The sizes of DNA molecules in the earliest-eluting telomere-enriched fractions in ter1-16T and ter1-16T rad52Δ ranged up to 30 kb, with an average size of approximately 7 kb, while fractions containing the peak telomeric signal had an average DNA molecule size of approximately 4 kb. In the telomere-enriched fractions from ter1-16T RAP1OE, the average DNA length was smaller, 2 to 4 kb, consistent with a decreased telomere length in this strain. As observed in previous studies of t-loops, linear DNA molecules were the most common structural form in the telomere-enriched fractions and are consistent with telomeres that were not arranged into a t-loop, telomeres in which strand invasions were not maintained during the enrichment procedure, or nontelomeric contaminants (4, 5, 14). Given that A/H/N digestion of whole K. lactis DNA is expected to produce only three nontelomeric restriction fragments of greater than 1,500 bp in size (genomic fragments of 1,787 and 1,731 bp and a 1,546-bp mitochondrial fragment), our observation of DNA fragments consistently larger than 2 kb suggests that the vast majority of the DNA molecules we observed were telomeric in nature.
Looped molecules are present in the psoralen cross-linked, telomere-enriched fractions from ter1-16T.
Lariat molecules consistent with the t-loop structure, described as a double-stranded DNA circle with a double-stranded DNA tail, were found in the telomere-enriched cross-linked fractions from ter1-16T (Fig. 2 and Table 1). A 3.6-fold-greater abundance in the percentage of looped molecules was observed in the cross-linked ter1-16T samples than in non-cross-linked samples, indicating a significant psoralen contribution to the stabilization of the loop structure (Fig. 3A and Tables 1 and 2). Additionally, when the cross-linked samples from ter1-16T RAP1OE and ter1-16T rad52Δ were compared to the cross-linked fractions from ter1-16T, they had significantly fewer looped molecules, 3.2- and 2.5-fold, respectively (Fig. 3A and Tables 1 and 2).
FIG. 2.
Looped molecules in the high-molecular-weight, telomere-enriched fractions from ter1-16T. (A to G) Electron micrographs of looped molecules present in the high-molecular-weight fractions from ter1-16T. Loop and tail sizes are 3.4 and 15.0, 0.8 and 6.5, 4.2 and 8.7, 0.4 and 0.7, 0.5 and 1.0, 0.6 and 1.2, and 1.3 and 0.8 kb for panels A through G, respectively. DNA was prepared for EM by surface spreading on a denatured protein film and rotary shadow casting. The images are shown in negative contrast. The bar is equivalent to 3 kb.
FIG. 3.
Looped and circular molecules observed in ter1-16T are consistent with t-loops and t-circles. (A) Abundances of looped molecules observed in the psoralen cross-linked (+) and non-cross-linked (−) samples from ter1-16T, ter1-16T RAP1OE, and ter1-16T rad52Δ. (B) Distribution of the total length (loop plus tail) of looped molecules in the high-molecular-weight, telomere-enriched fractions from ter1-16T (n = 94) and ter1-16T RAP1OE (n = 91). (C) Percentages of looped molecules observed in the indicated cross-linked fractions from ter1-16T preparation 2 after initial digestion with A/H/N (initial) and then subsequent digestions with MseI or RsaI. (D) Distribution of the abundances of circular molecules observed in the psoralen cross-linked (+) and non-cross-linked (−) samples from ter1-16T, ter1-16T RAP1OE, and ter1-16T rad52Δ. (E) Percentages of circular molecules observed in the indicated cross-linked fractions from ter1-16T preparation 2 after initial digestion with A/H/N (initial) and then subsequent digestions with MseI or RsaI. (F) Size distribution of measured circular molecules (n = 102) and the loop portions of t-loops (n = 94) from ter1-16T.
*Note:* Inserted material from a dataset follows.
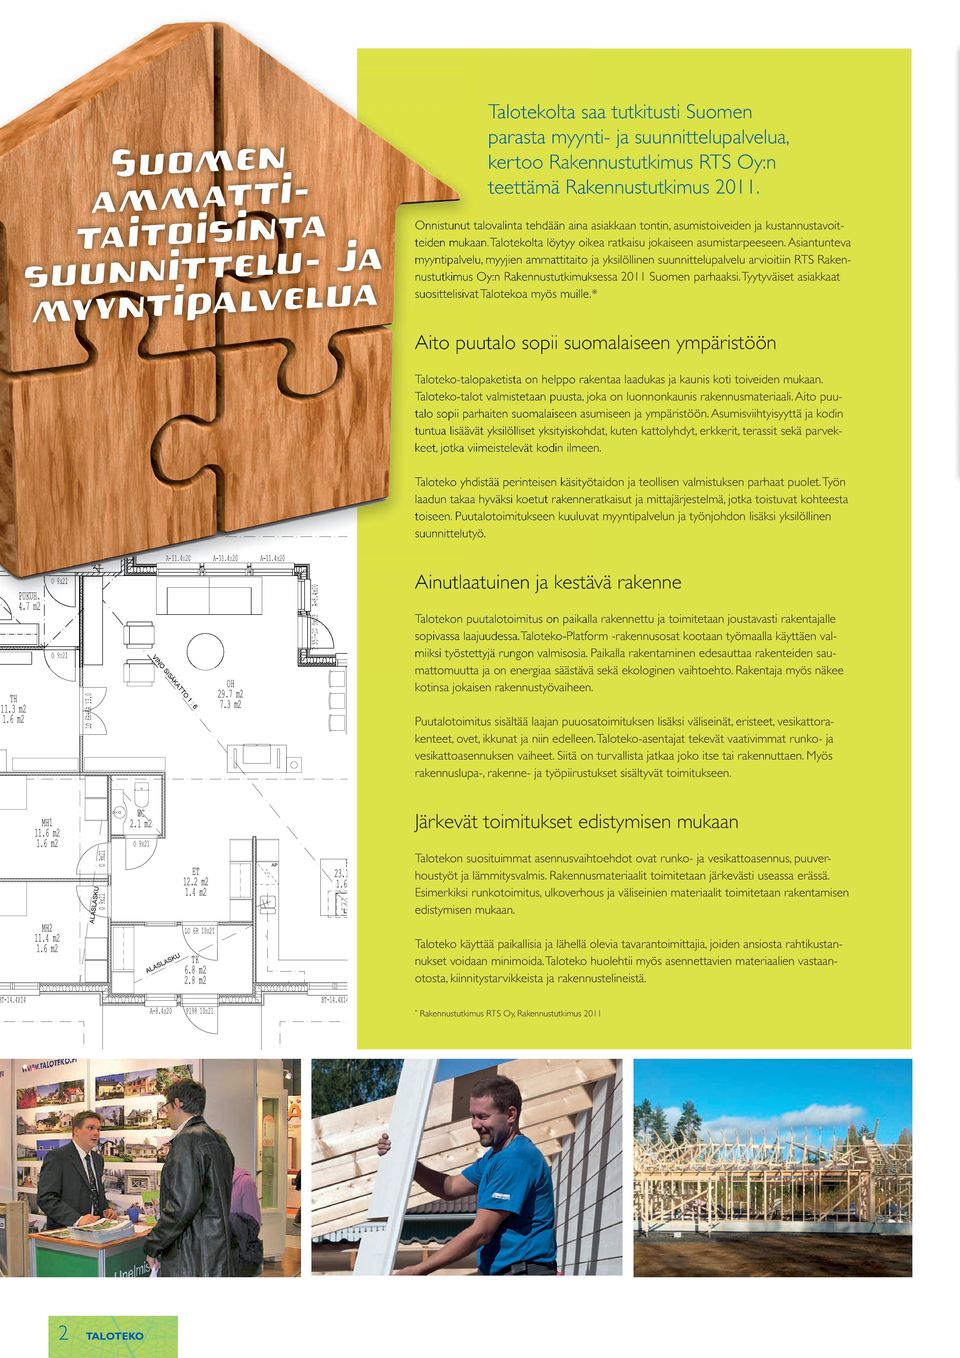 Asiantunteva myyntipalvelu, myyjien ammattitaito ja yksilöllinen suunnittelupalvelu arvioitiin RTS Rakennustutkimus Oy:n Rakennustutkimuksessa 2011 Suomen parhaaksi.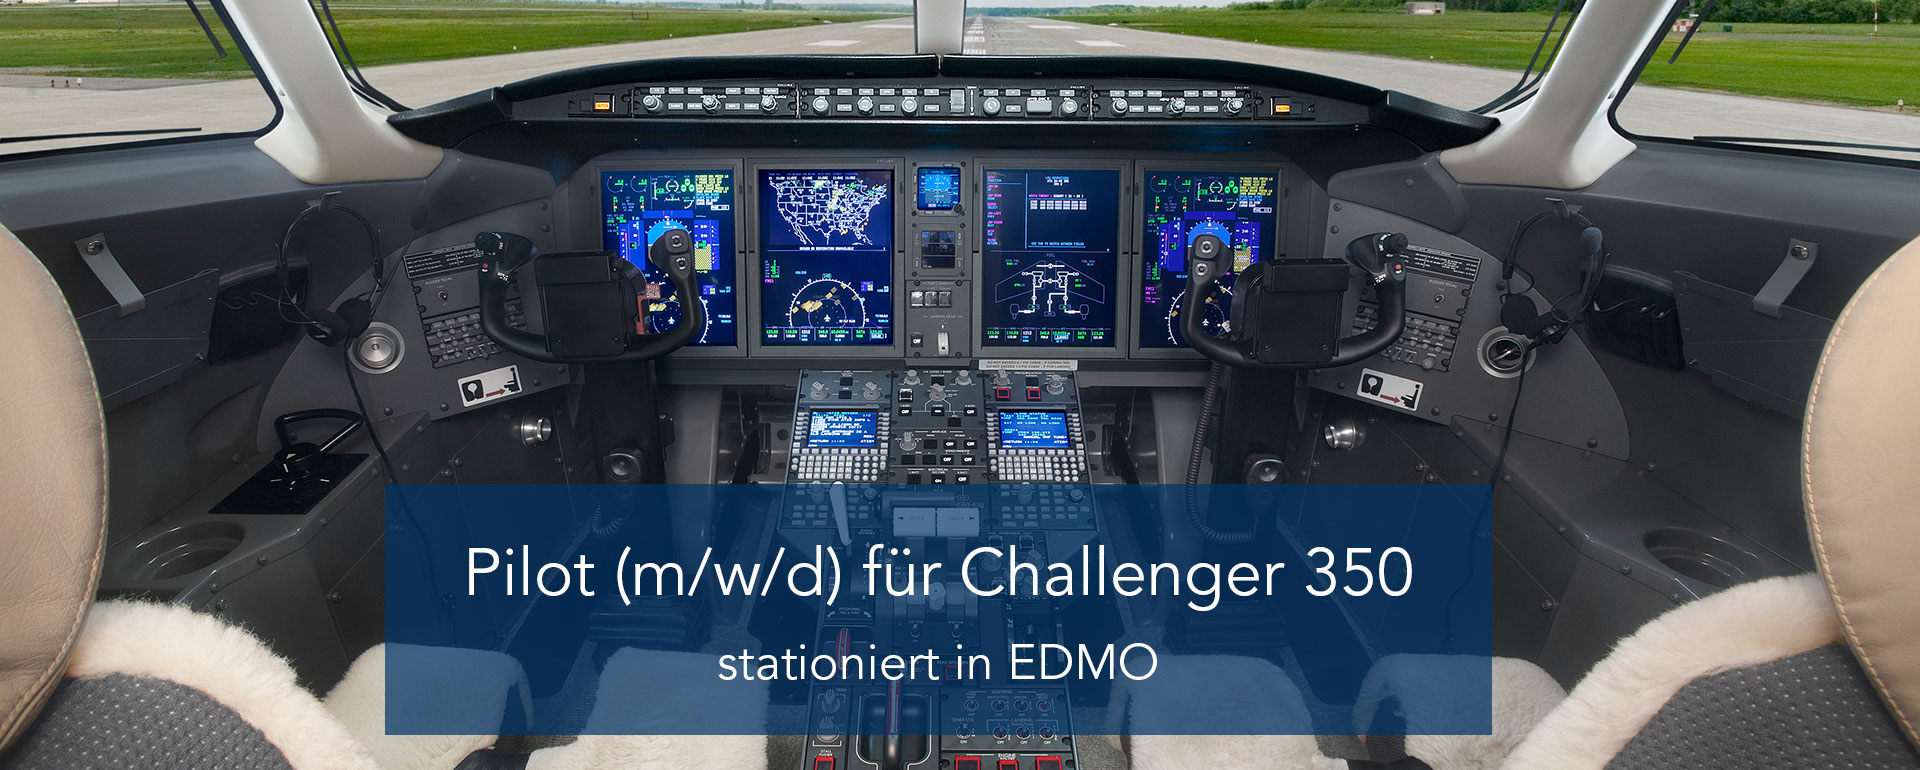 Pilot (m/w/d) für Challenger 350 | stationiert in EDMO

The sizes of the looped molecules (loop plus tail) in ter1-16T ranged from 0.7 to 27.2 kb (n = 94; mean = 6.1 kb; median = 3.6 kb) (Fig. 3B). Forty-eight percent of looped molecules were less than 3 kb, with the remaining 52% in a distribution ranging from 3 to 30 kb. The latter fraction correlates well with the range of telomere sizes as measured by PFGE, consistent with their being telomeric DNA (compare Fig. 1B and 3B). The smaller loops are consistent with the low-molecular-weight ECTR DNA or possibly the shortest chromosomal telomeres in ter1-16T. A lower abundance of looped molecules was observed in ter1-16T RAP1OE; however, analysis of a large number of total molecules provided enough looped molecules to measure and analyze their size distribution (Fig. 3B). Consistent with the shortened telomeres, the majority of looped molecules in ter1-16T RAP1OE were small, with 96% less than 3 kb (n = 91; range, 0.5 to 20.1 kb; mean = 1.51 kb; median = 1.08 kb). Not enough looped molecules were observed in ter1-16T rad52Δ for accurate size quantification.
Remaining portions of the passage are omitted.